Recently, to introduce also the evaluation of the consumption of resources and the ecological impact of human activities, this indicator has been amended to yield a thermo-economic indicator, the so-called Thermodynamic Human Development Index (THDI) [28, 29]. In both these indexes, an educational index is taken into account due to its importance for human development and well-being: the Education Index (EI). It considers a country’s educational attainment by introducing the average adult years of schooling and the expected years of schooling for students, which are fundamental aspects from a social viewpoint, related to a better quality of life and to avoiding child labor [30]. But, on the contrary, this index is not able to provide information on the student’s individual problem-solving skills and technical or scientific knowledge that are key levers for technology improvements and the bases for more sustainable global conditions.

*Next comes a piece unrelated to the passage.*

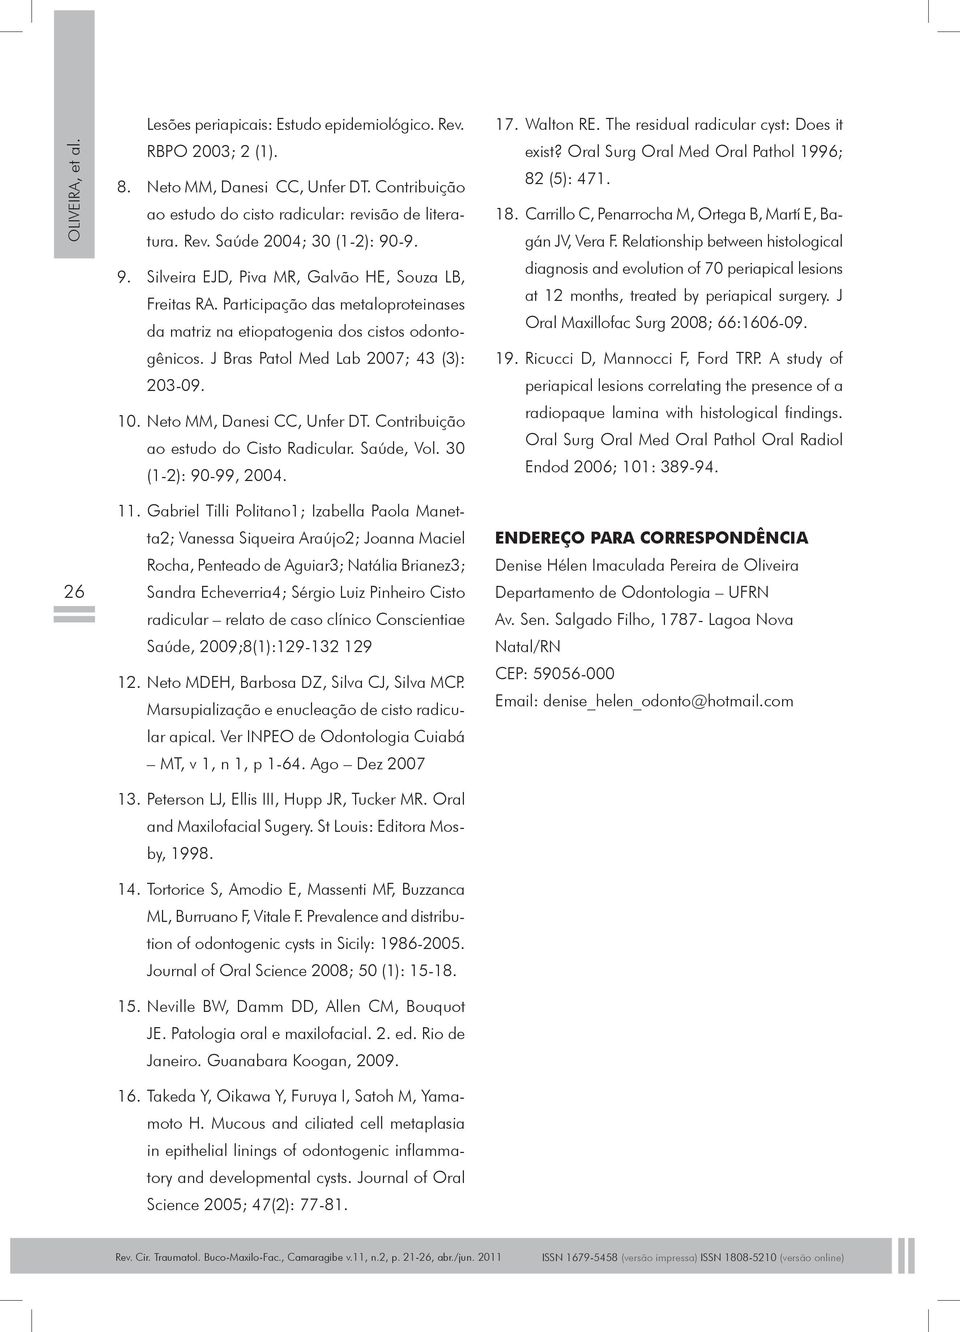 Neto MM, Danesi CC, Unfer DT. Contribuição ao estudo do Cisto Radicular. Saúde, Vol. 30 (1-2): 90-99, 2004. 17. Walton RE. The residual radicular cyst: Does it exist?

Moreover, the benefits of education, including economic growth, have been shown to be more closely associated with learning [14], whereas other aspects of education are associated with years of schooling [31]. So, these two dimensions of education must be considered together. Improving the quality of education has more impact if a large number of children go to school for a longer period and programs that increase years of schooling lead to more knowledge if the underlying education system is of a higher quality.
Consequently, all these aspects should be introduced into the EI indicator, to perform the assessment of a country’s education level and its sustainable potential. In this context, since the year 2000, PISA has been a worldwide study organized by the Organization for Economic Co-operation and Development (OECD) in member and non-member nations, aimed at evaluating education systems by measuring 15-year-old school pupils’ performances in Mathematics, Science, and Reading. This assessment can be a useful tool to obtain unified information on students’ abilities from different countries, as it is the broadest dataset of schooling performances available [32].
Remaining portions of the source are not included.